The center’s situation caught the notice of City Councilor John Ward, who raised concerns over the unexpected bills at Monday’s City Council meeting. Though he wasn’t disputing the tax status of the properties in question, he said, he found it troubling that the organizations were not notified of the status change until they received a bill in the mail.

“To simply do it with no notice, send a bill for $25,000 to $35,000 and not give the courtesy of a notification, I found disturbing,” he said.

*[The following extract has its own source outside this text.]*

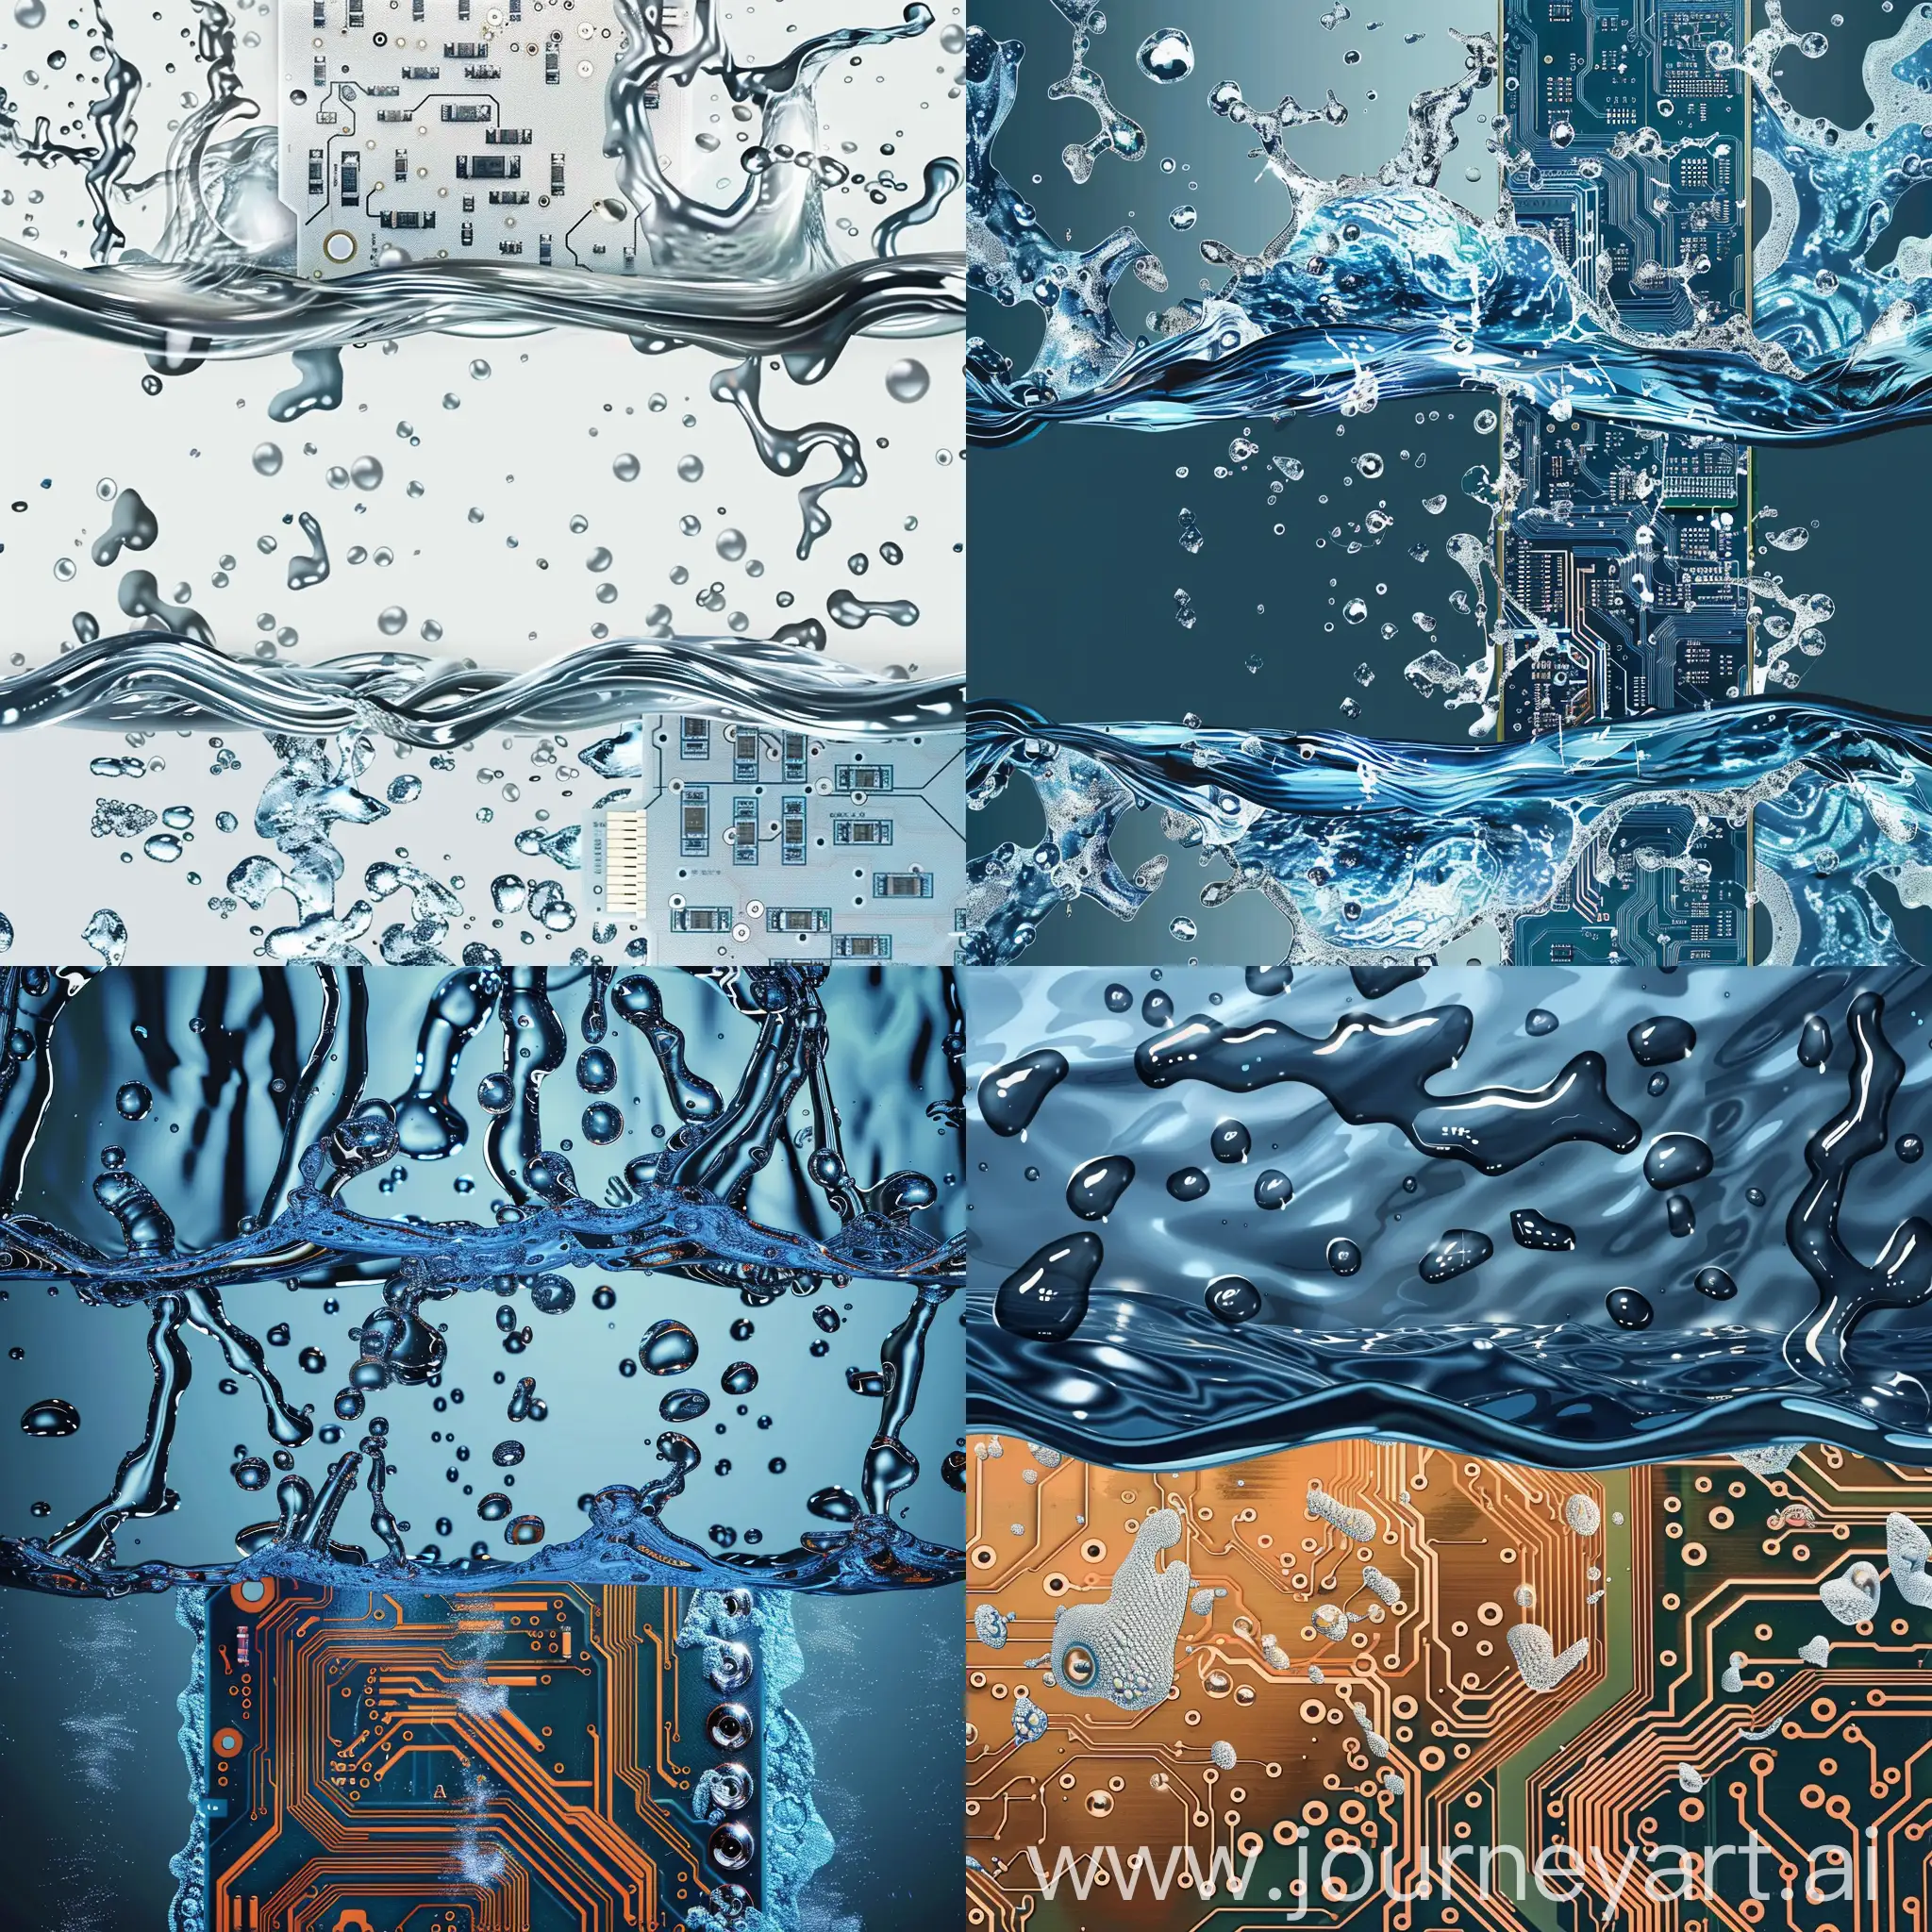 Generate a poster image of circuit board washing water with realistic texture. The poster content shows a circuit board placed horizontally and being washed with circuit board washing water, with water wave elements.

Later in the meeting, councilors voted unanimously to support an ordinance that curbs the city’s ability to change a property’s tax-exempt status without notice, requiring the tax assessor to notify the property owner and City Council of the change in writing at least 90 days before sending a bill. The measure also applies the standards previously used to levy non-utilization taxes to formerly tax-exempt properties. Under the new measure, any organization that can demonstrate it is actively marketing a vacant property or have used it for tax-exempt purposes within the prior calendar year would continue to be exempt.

Though the new ordinance will have no effect on the current year’s taxes, Ward said he plans to ask his fellow councilors to consider an abatement of taxes for the six properties. If that doesn’t pass, he said, the organizations’ next option will be to file appeals in Superior Court.

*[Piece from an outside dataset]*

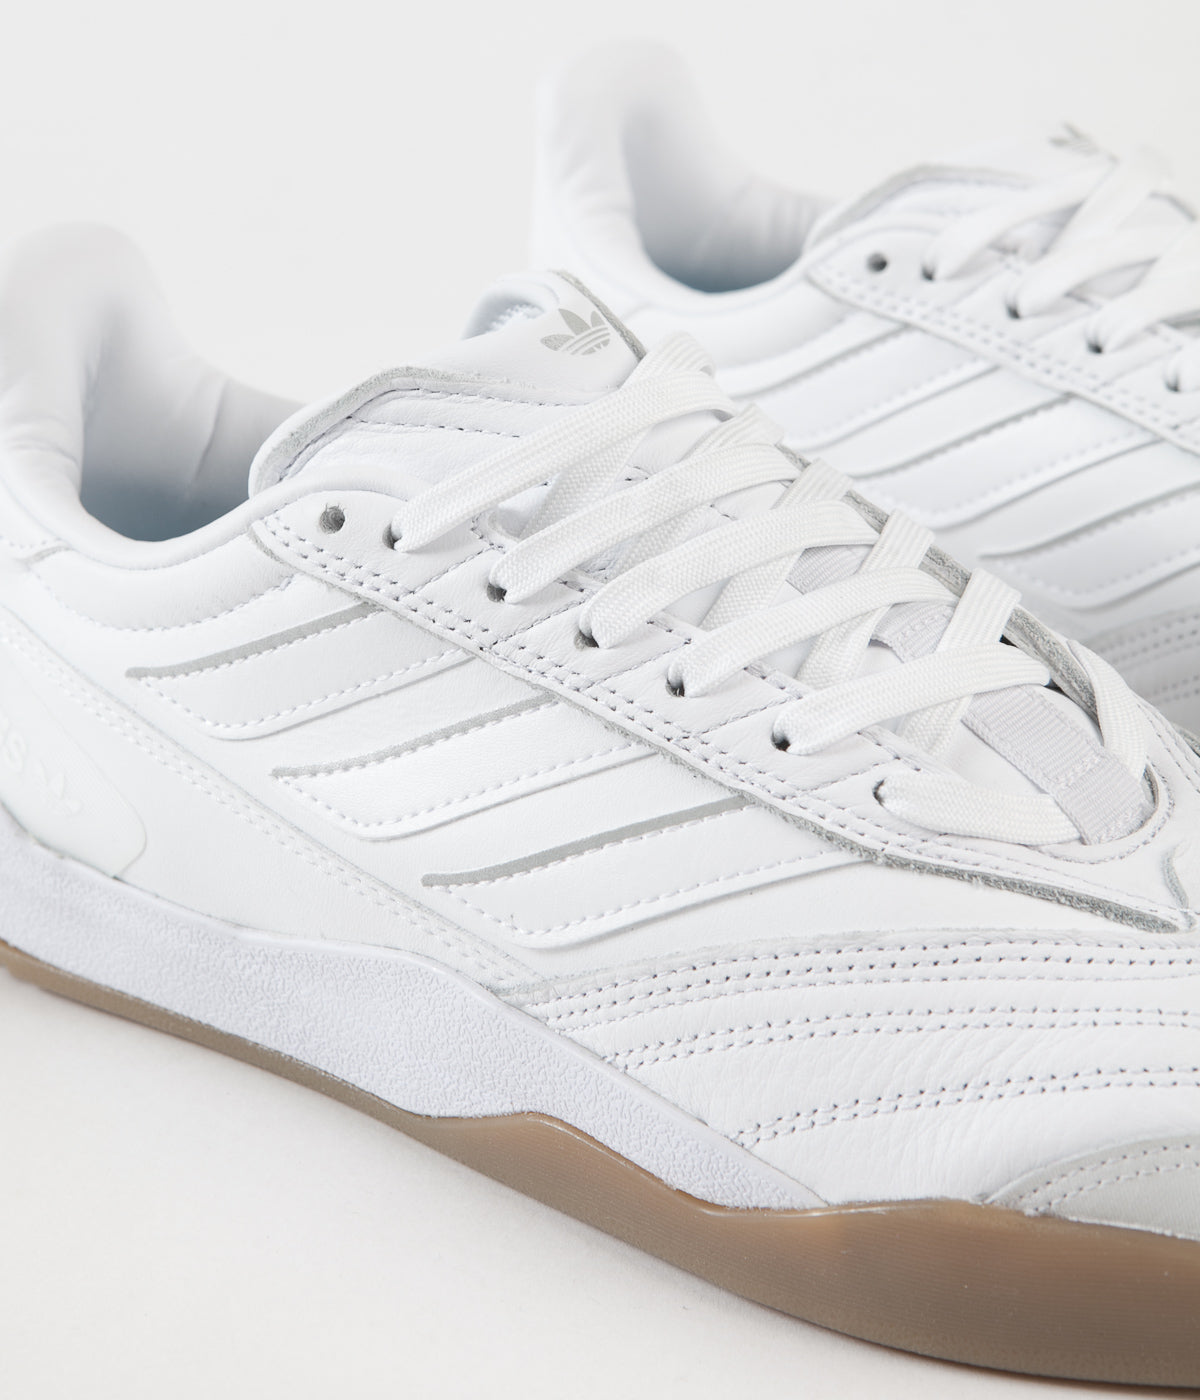 adidas copa nationale white

The former Father Marot CYO Center on Federal Street is among several properties that received unexpected tax bills this year after the city removed their tax-exempt status.


The Stadium Theater is a revenue generating machine which utilizes city resources on a regular basis, Police details for traffic management, Fire/Rescue, Municipal Parking lots, etc....
If Landmark Medical, Mount St. Charles Academy, Veteran's Organizations, etc. needs to pay their fare share, so should the Stadium Theater.

Mount and the Stadium are exempt by state law. These properties should be taxed too, but fair notice and evidence of vacancy should be done first. That will move to sale and possibly to a tax paying purpose. The Armory will be a serious problem though. Cost of rehab for use is extremely high, I'm sure.

From what I understand Mount has a Pilot Agreement and contributes to the tax base, The Does not have an agreement and contributes nothing to the tax base.

Your Job is to level the playing field for everyone, CHANGE THE LAW.